The state Senate on Wednesday put its imprint on the $16.5 billion state budget by shifting money to open more driver’s license offices.
Sen. Andy McElhany, R-Colorado Springs, persuaded the Senate to adopt an amendment that would require the state Department of Revenue to spend about $844,000 on reopening driver’s license stations.
In addition, the Senate stripped out funding that the House provided to higher education last week because those programs siphoned millions of dollars away from public schools.
The Senate’s revamping of the spending plan will hold for a day or two – until the House rejects the Senate amendments and forces a conference committee to hash out the details.
The Senate debate was largely a rerun of last week’s House arguments on the 2006-07 budget.
Republican lawmakers unsuccessfully sought to block public funding for emergency contraception.
Democrats tried to cut funding for laundry machines for the prison system so the state could hire another investigator in its civil-rights office.
Senators also brought pet issues of their own as they tried to score political points as frugal fiscal taskmasters, as champions of hometown projects or as protectors of the American way of life.

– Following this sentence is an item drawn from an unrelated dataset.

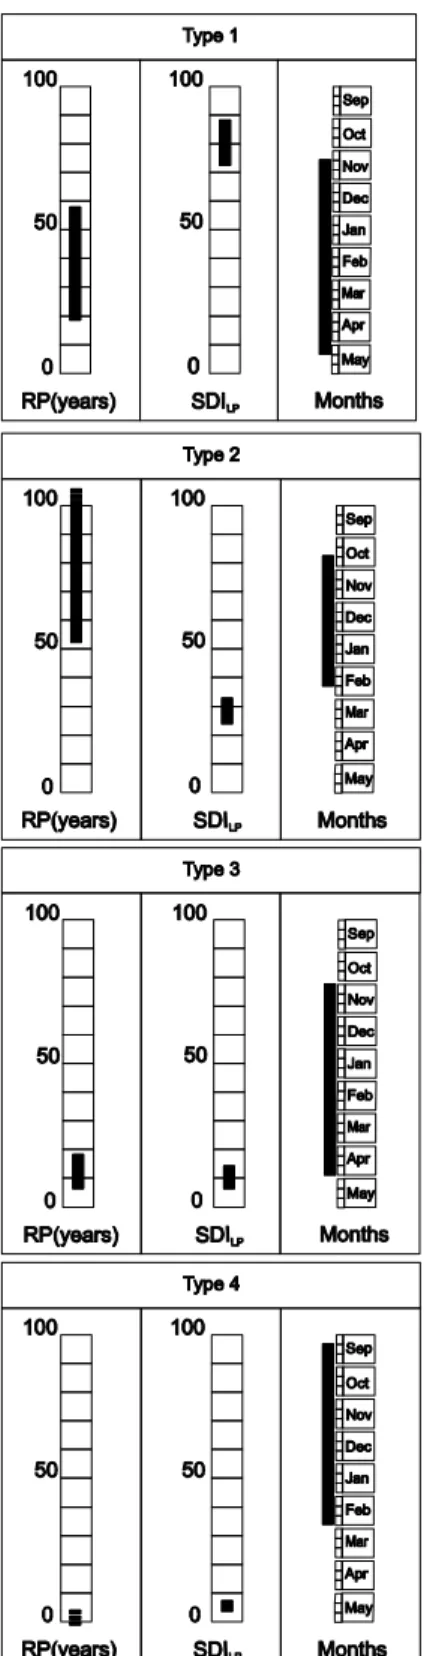 Fig. 5. Types of LPs affecting the study area. For each type, three columns are used: the first indicates the RPs (the limits of the bar are the average and maximum value surveyed, respectively), the  sec-ond represents the SDI LP (the limits of the bar ar

Sen. Ron May, R-Colorado Springs, asked for lawmakers to shift money into fee-based funds that were depleted when lawmakers tapped the funds to cover state operating costs during the recession.
Sen. Brandon Shaffer, D-Longmont, wanted to eliminate most of the funding for the Colorado Commission for Higher Education, which he said had become a “bloated bureaucracy.”
Sen. Lew Entz, R-Hooper, sought $10,000 for the Colorado State Veterans Cemetery at Homelake.
Sen. Greg Brophy, R-Wray, attempted to prohibit state funding for criminal-defense lawyers for illegal immigrants.
Those amendments were blocked.
Some House amendments were removed. Senators rejected a House amendment to move $7.8 million from a trust fund for public schools into scholarships for precollege programs and to vocational schools.
A House move to cut $10 million to the Medicaid program so that an extra $5 million would be available for the University of Colorado Health Sciences Center was also removed from the budget.
As backers of the additional money for driver’s license offices, McElhany and Sen. Doug Lamborn, R-Colorado Springs, were proponents of one of the biggest changes made by the Senate.
“People are sick and tired of long lines,” Lamborn said.
McElhany said reopening the offices to improve services to citizens is “part of what we promised in Referendum C.”
Referendum C was a ballot measure approved by voters in November. It allows the state to keep revenues – currently estimated at $4.25 billion for five years – that would have been refunded to taxpayers under the Taxpayer’s Bill of Rights.